### Task to complete
Type out the whole listing again exactly, pictures omitted.

### Data section
* * *
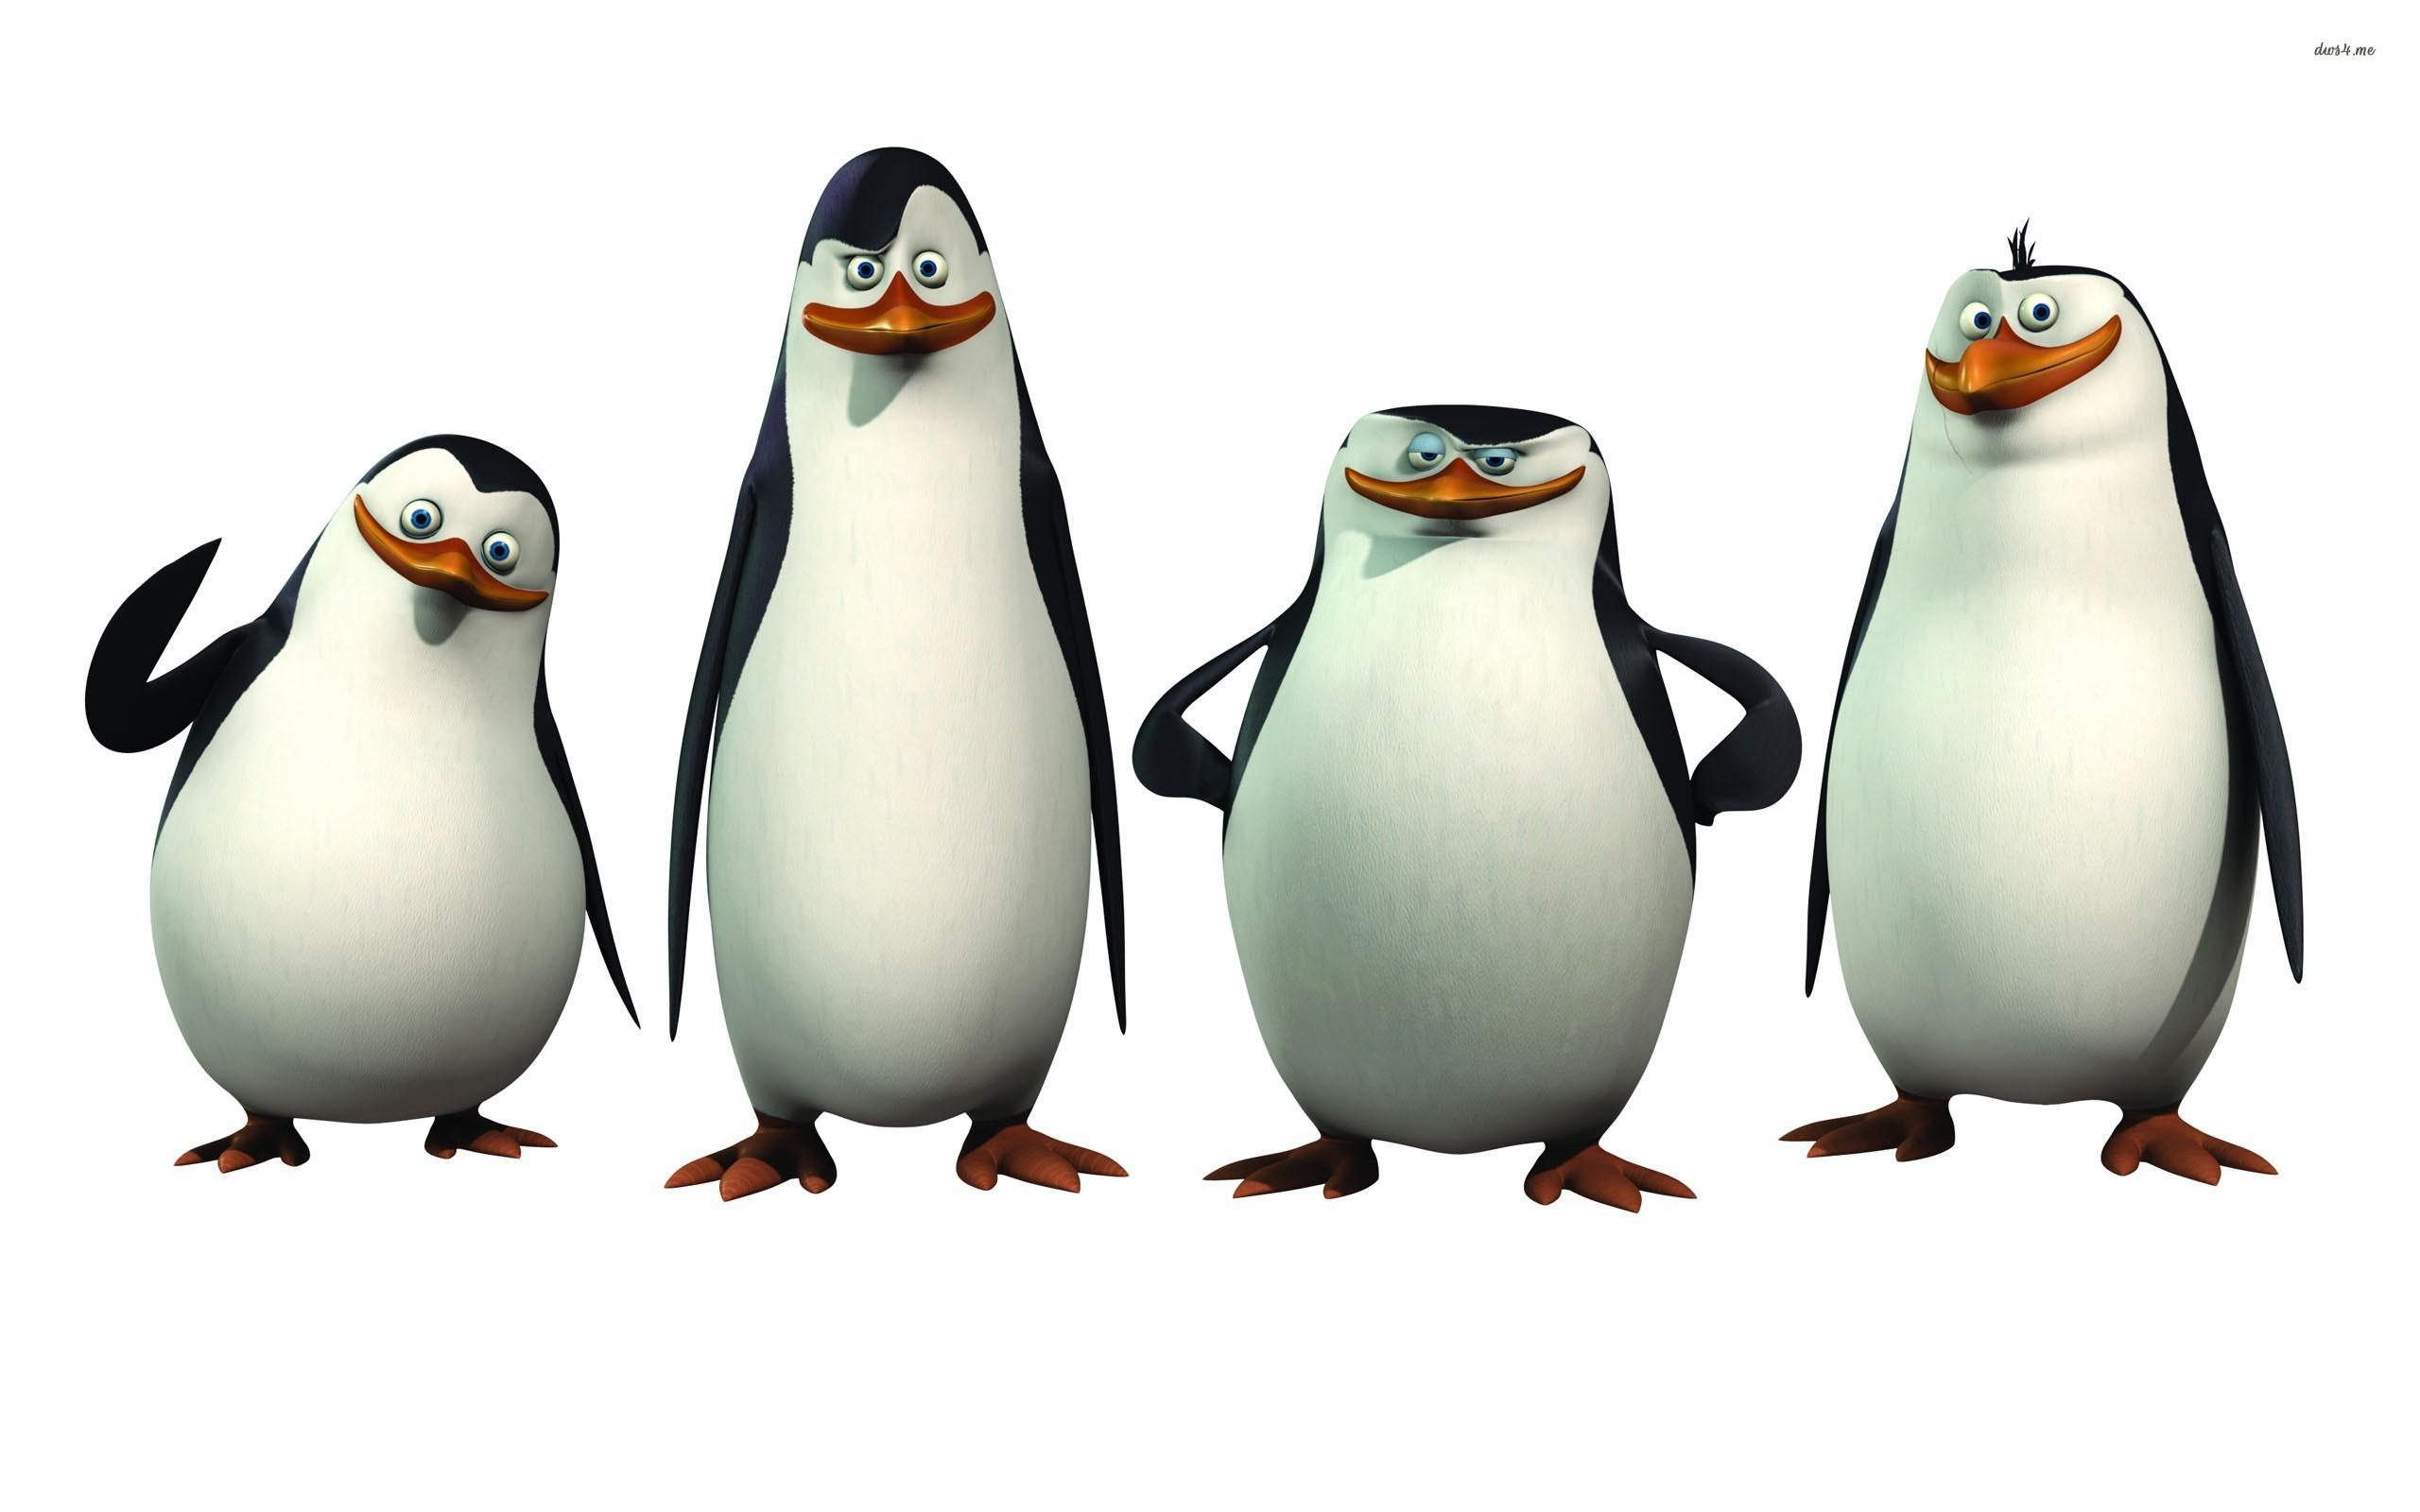 The Penguins of Madagascar wallpaper.
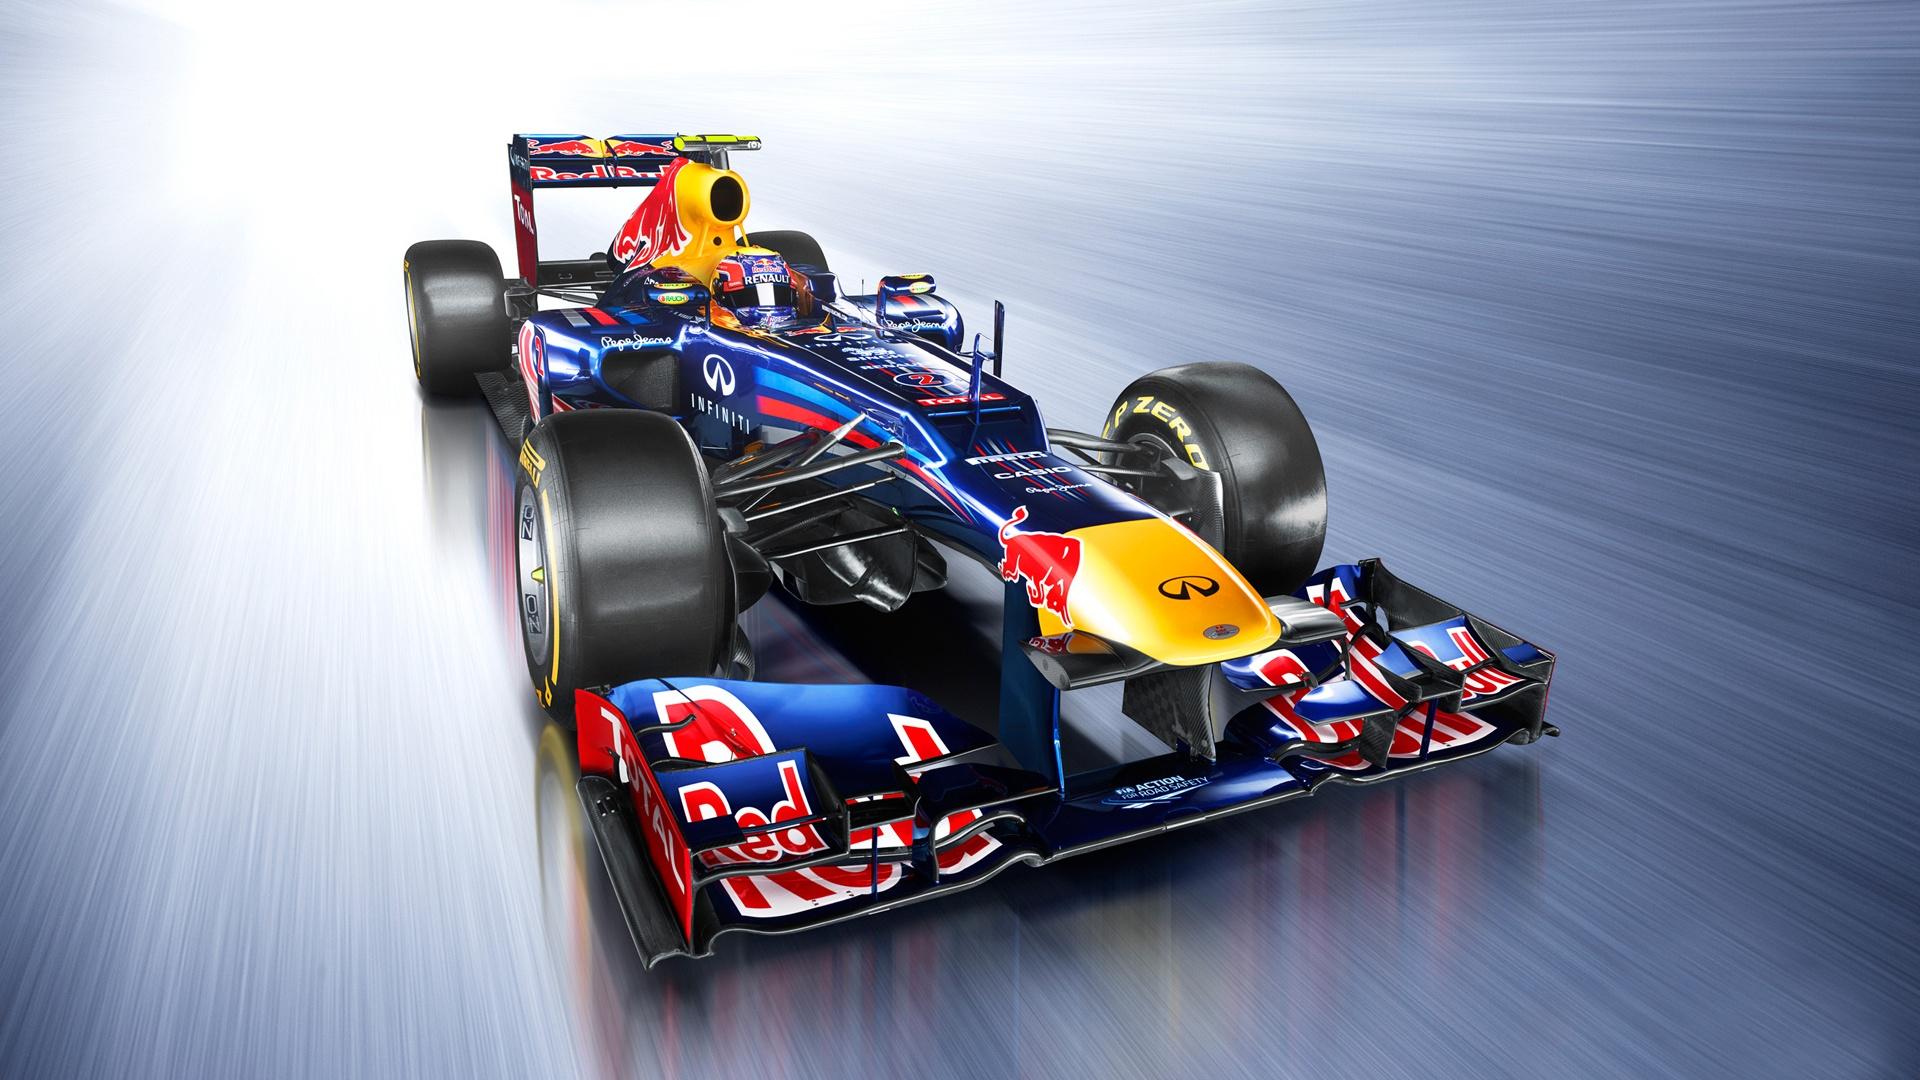 Download wallpapers Aston Martin Red Bull Racing 4k logo
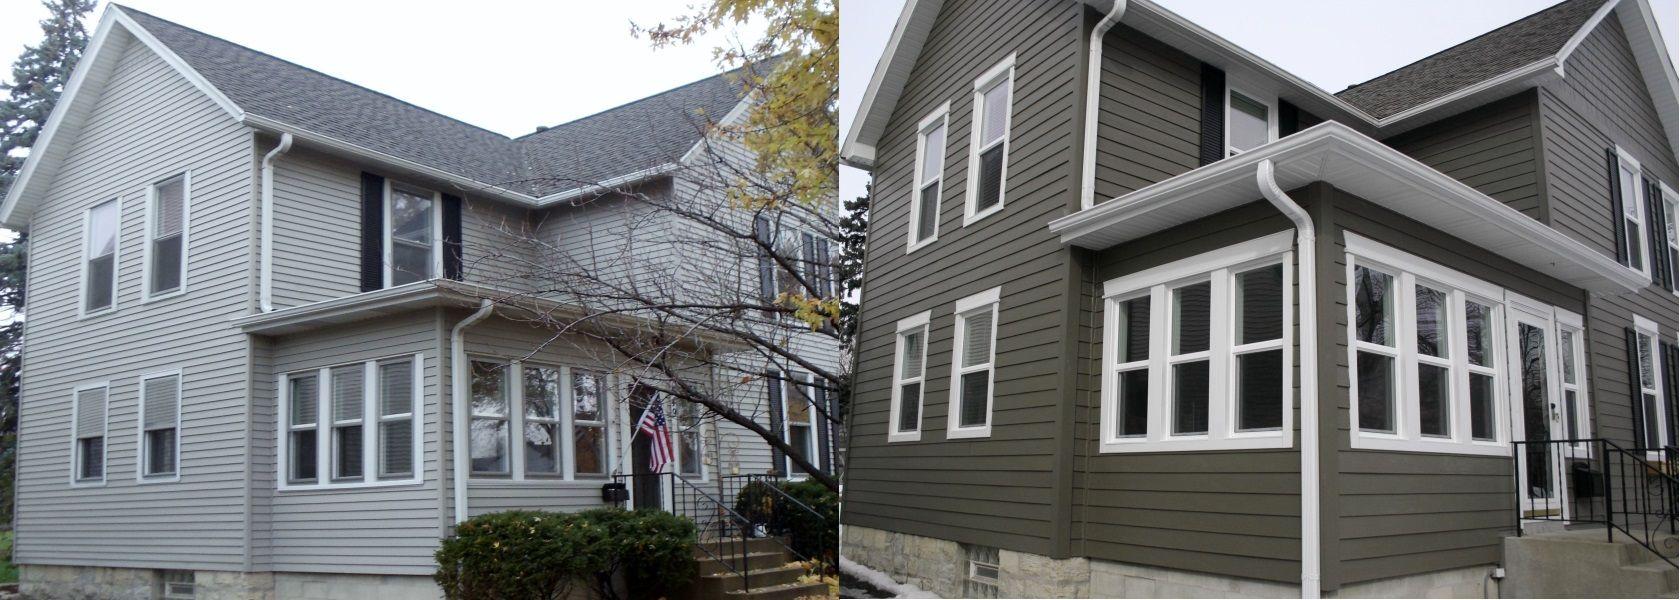 Siding Windows Roofing Contractors Naperville Il Exterior House Siding House Siding Exterior House Colors
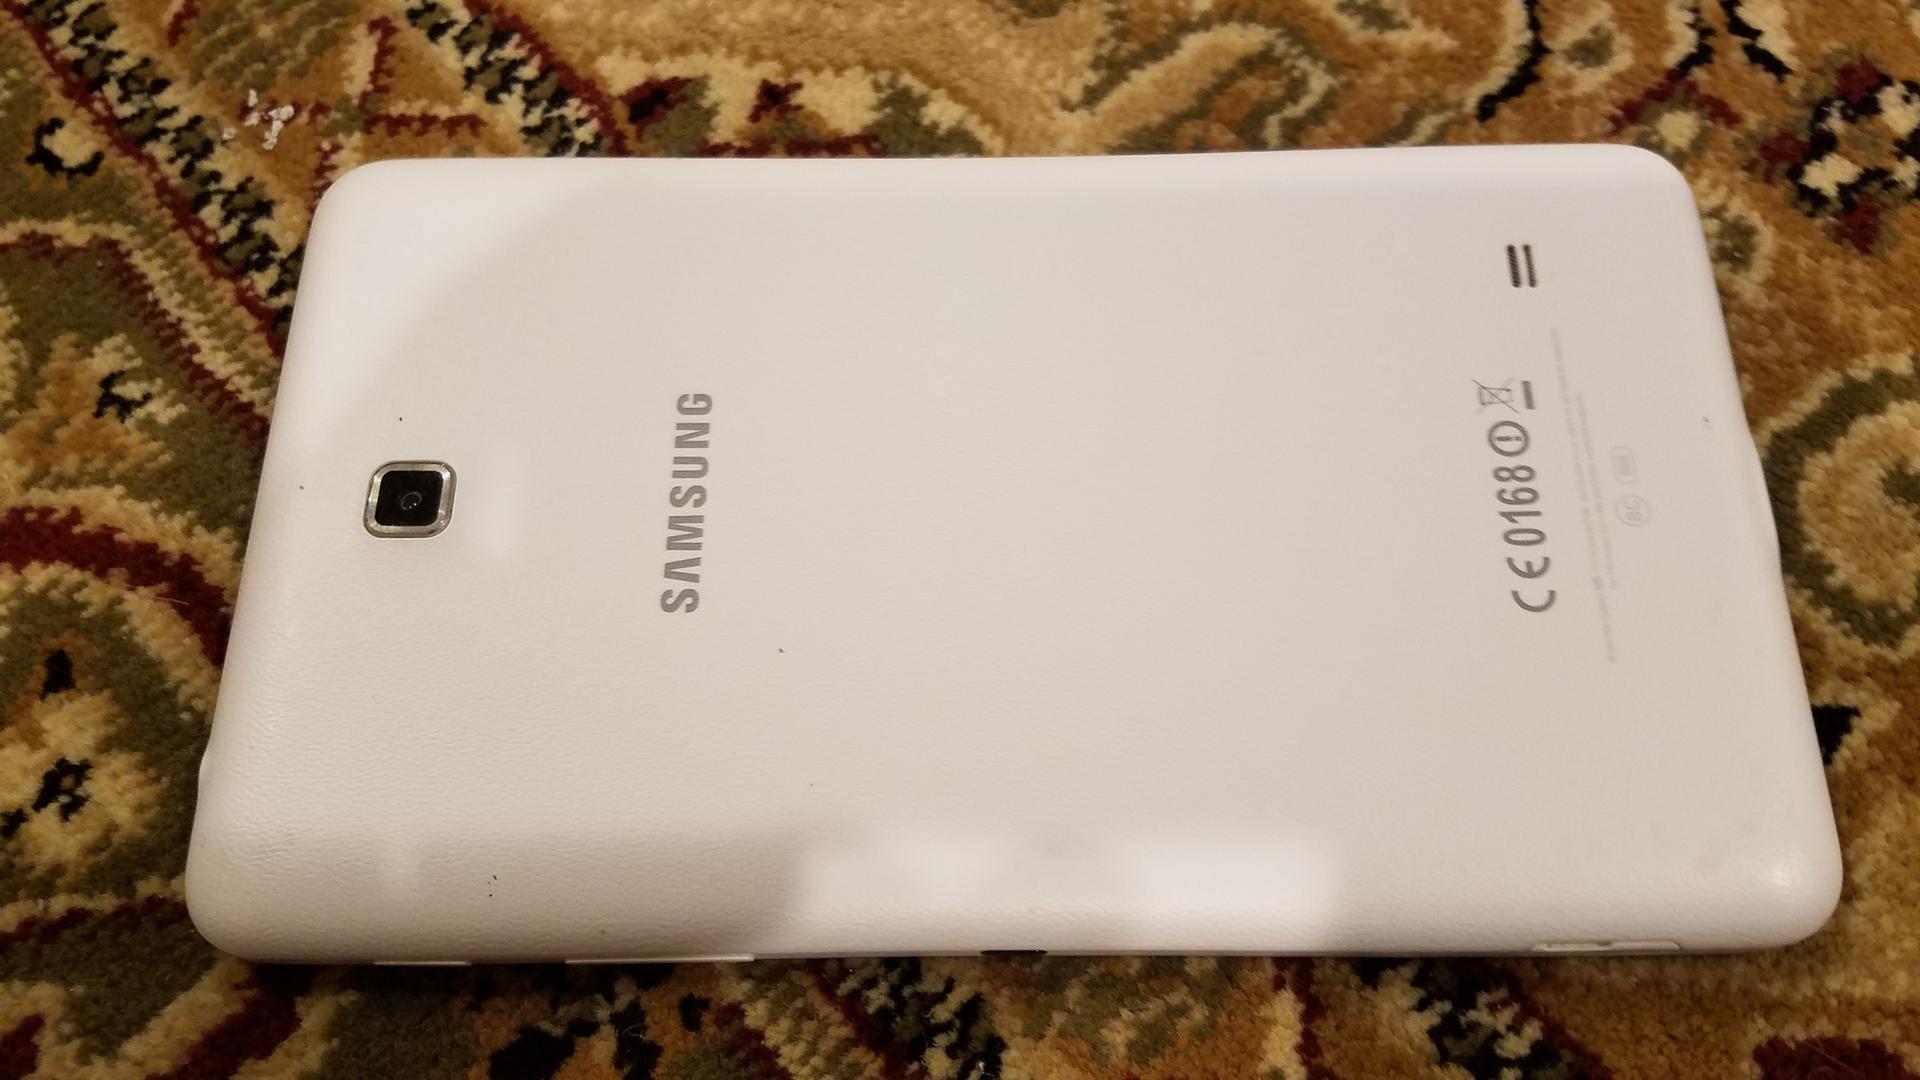 Samsung Galaxy Tab 4 (Wi-Fi) [SM-T230], 7 - White, 8 GB
* * *
### Written answer
 The Penguins of Madagascar wallpaper.
 Download wallpapers Aston Martin Red Bull Racing 4k logo
 Siding Windows Roofing Contractors Naperville Il Exterior House Siding House Siding Exterior House Colors
 Samsung Galaxy Tab 4 (Wi-Fi) [SM-T230], 7 - White, 8 GB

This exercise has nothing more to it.